在這個爾虞我詐,充滿爭鬥的修真界,想要追求朝遊碧海御龍吟,暮宿崑崙攬月眠,哪裡有那麼容易?
就算有朝一日,李雲景修煉到了無敵的境界,他身邊的羈絆依然不少,逍遙天地外,似乎還是遙不可及的夢想。
“仙路雖遠,不可忘本;凡塵雖短,自有真情。”
一直到了深夜,街面上一個人都沒有了,李雲景抬頭望向夜空,星辰已悄然升起。
他握緊腰間的長劍,之前因探查陰謀而沉重的心情,此刻多了一份堅定。
他要走的,不是“元陽道宗”那般的邪路,而是一條心懷蒼生、守護煙火的正道。
李雲景立於帝都寂靜的長街,夜風拂過,帶著遠處打更人模糊的梆子聲。
方才那萬丈紅塵的喧囂與溫暖,那凡俗煙火的真切與生動,與他神識中所見的“血祭大陣”的陰冷殘酷,形成了無比強烈的衝擊。

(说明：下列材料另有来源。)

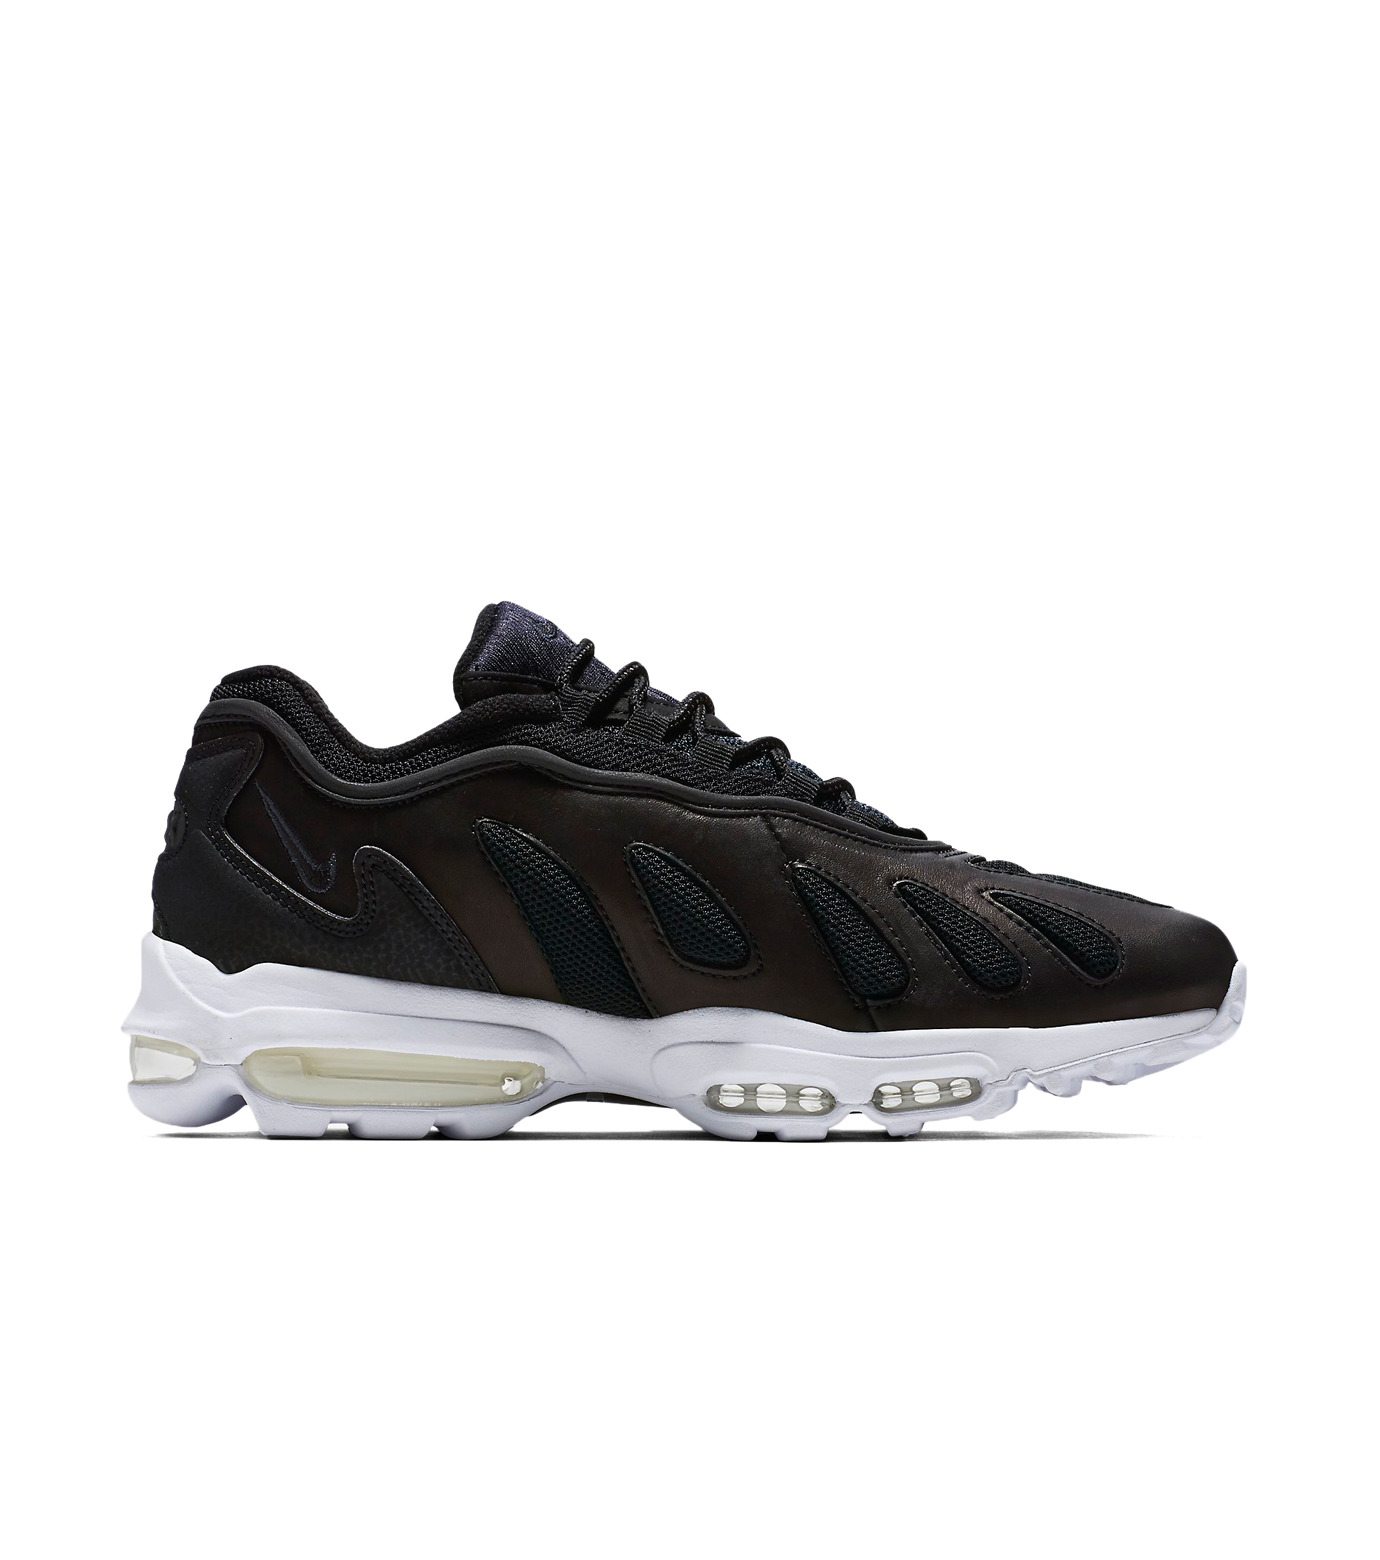 NIKE(ナイキ)のAIR MAX 96 XX-BLACK(シューズ/shoes)-870165-002-13 拡大詳細画像1

一邊是鮮活的生命,是市井的溫情,是傳承與希望;另一邊卻是冰冷的算計,是無情的犧牲,是通往力量的邪僻捷徑。
“仙路……凡塵……”
他喃喃自語,這兩個詞在他心間碰撞、交織。
長久以來,修仙者視凡塵如蔽履,一心超脫,求得自身逍遙長生。
可若這長生路上,鋪滿了無辜者的骸骨,染滿了同道者的鮮血,這般長生,與孤魂野鬼何異?
與天地同壽,卻與萬靈為敵,這般永恆,豈非最大的囚籠?
“我所求之道,不應如此。”
一個念頭如同破開烏雲的月光,驟然照亮他的識海。
守護!
並非僅僅是守護宗門的傳承,守護一域的地盤,或是守護自身的道途。
更是守護這長街上即將熄去的燈火,守護那石階上分食麥餅的溫情,守護鐵匠鋪裡迸發的火星,守護賣花姑娘籃中帶露的野菊……
守護這滾滾紅塵中,每一個努力活著、傳遞著微光的平凡生命。
這並非羈絆,而是根基。
仙路飄渺,若失了這人間煙火的滋養,便是無根之木,終將枯萎於九天之上。
道法玄妙,若沒了對這蒼生悲歡的敬畏,便是無源之水,必會渾濁於殺伐之中。
“我之道,不在絕情棄欲,而在入世護生。”
“長生非為獨佔春秋,而為見證並守護更多的‘生’之美好。”
此念一生,李雲景只覺得渾身一震!
體內原本平穩執行的精神識海驟然沸騰,如同江河奔湧,衝撞著大腦。
而他的身體之中,龍虎金丹滴溜溜急速旋轉,表面那道卡了他數年的無形瓶頸,此刻竟發出細微的“咔嚓”聲,浮現出絲絲裂紋。
周遭的天地靈氣瘋狂向他匯聚,形成一個無形的漩渦,湧入他的四肢百骸。
他的神識以前所未有的速度向外蔓延,清晰地“看”到了更遠處屋簷下安睡的雀鳥,看到了泥土中種子萌發的悸動,甚至感受到了這座古老帝都沉澱在磚石中的歲月呼吸。
一種明澈、圓融、堅定的力量自神魂深處湧起,滌盪全身。
瓶頸應聲而破!
李雲景的精神力,先一步無限接近於元嬰境界!
水到渠成,毫無滯澀。
他甚至沒有刻意運功衝擊,僅僅是道心的一次徹悟與堅定,便引動了修為境界的自然晉升。
洶湧的靈力漸漸平復,變得更加凝練精純,神識籠罩的範圍擴大了近倍,達到了兩百里,他對天地靈氣的感應也愈發清晰敏銳。
李雲景緩緩睜開眼,眸中神光內斂,卻比以往更加深邃沉靜。
夜風捲起李雲景衣角,他立於空無一人的長街中央,感受著體內金丹的細微震顫。
那道困擾他數年的瓶頸徹底碎裂後,龍虎金丹表面竟浮現出淡淡的金色紋路,紋路交織成“護生”二字,隨靈力流轉若隱若現。
這並非刻意刻畫,而是道心與修為共鳴的自然顯現,是“入世護生”之念在金丹上烙下的道痕。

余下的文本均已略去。